The tip of his spliff had dropped off into his lap. And there was still a small –

Fuck!

– ember…
He cuffed it from his jeans and down on to the floor. He checked the fabric – no hole, but a tiny, brown…

Bugger

He took a final, deep drag –

Nope…
Dead

– then tried to push the damp dog-end into the ashtray, but the ashtray, it seemed, was already full to capacity.


At times like this the text reminded me of a comic strip, in the way such ‘thought bubbles’ are pulled out of the narrative. It takes some getting used to, but she convinces you it's an effective tool. Part of the reason it seems so effective is that her characters are the book's greatest draw and its biggest reward. This becomes clear once you realise the plot's inexplicable but that you still loved the novel. Some of the throwaway jokes are excellent (Beede has ‘a stare which could make an owl crave Optrex’), and one scene detailing a horrendous middle-class dinner party is a comic tour-de-force.

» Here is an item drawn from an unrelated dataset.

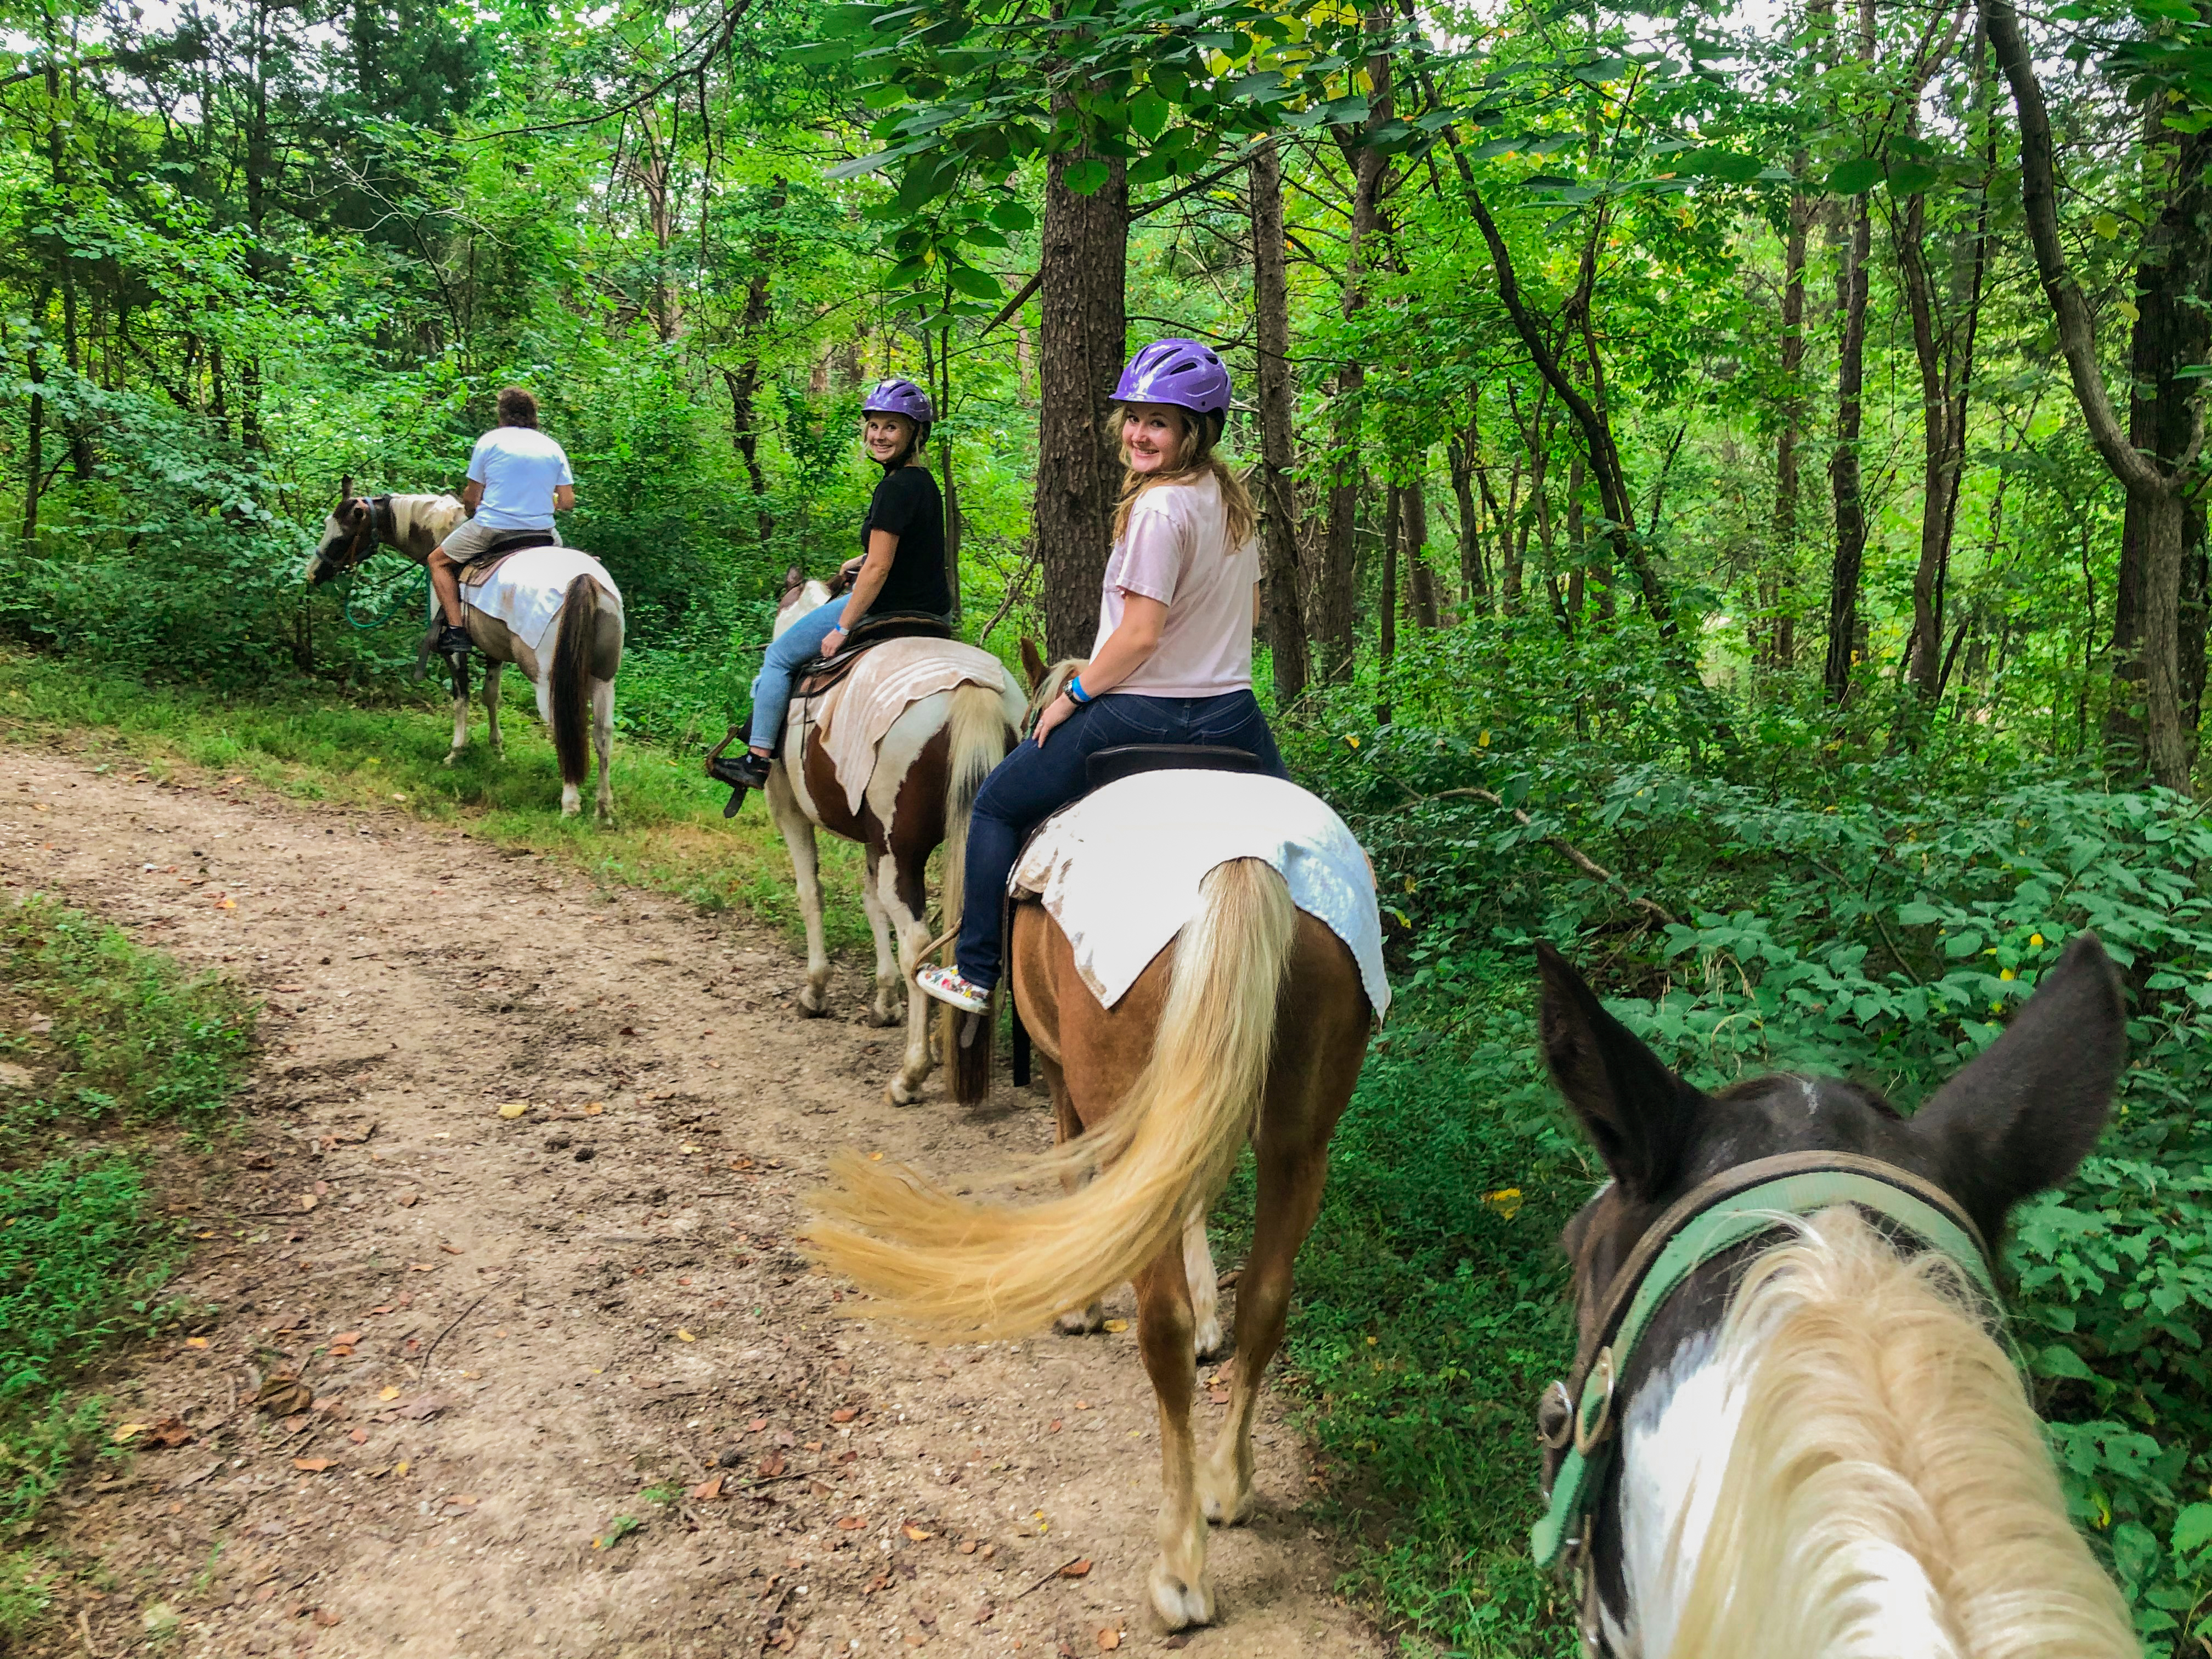 a group of people riding horses on a dirt path in the woods
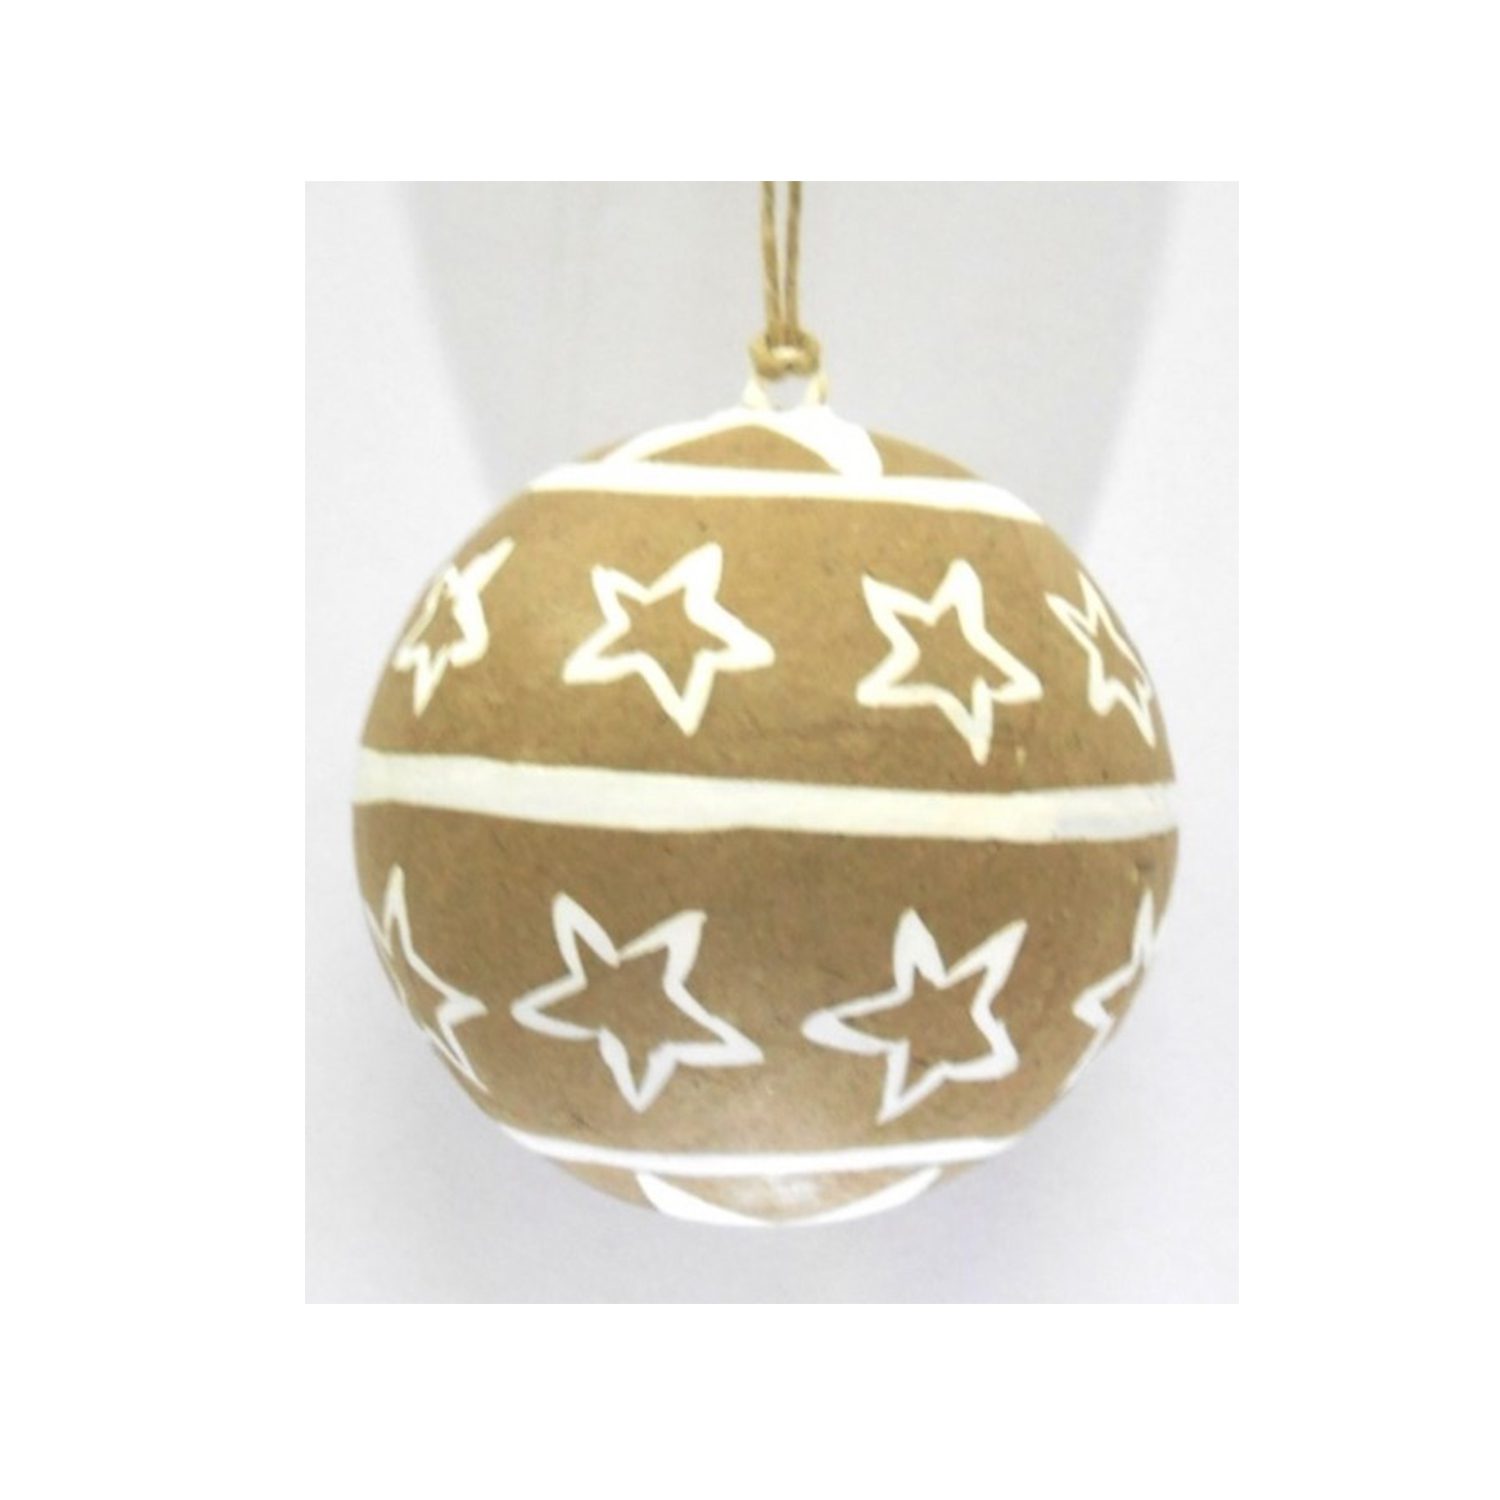 Starry Christmas Tree Decoration,Gold and White

Like the mysterious Darkmans, Barker believes that humour can ‘often be a direct route to power’, and there is something serious at work behind the jokes – even if the ending leaves you unsure how it all technically came about. What you are likely to be more sure about is what an unusual and enjoyable way she has of asking the central question: if we can't understand our history, then how can we understand each other? Because despite the one-liners, the image that stayed with me was that of Kane and his father walking away from each other after another halting argument:

They both turned. They both paused. They both took one measured step forward, then another; like a pair of old adversaries engaging in a duel, but without weapons, or seconds, or anybody to call.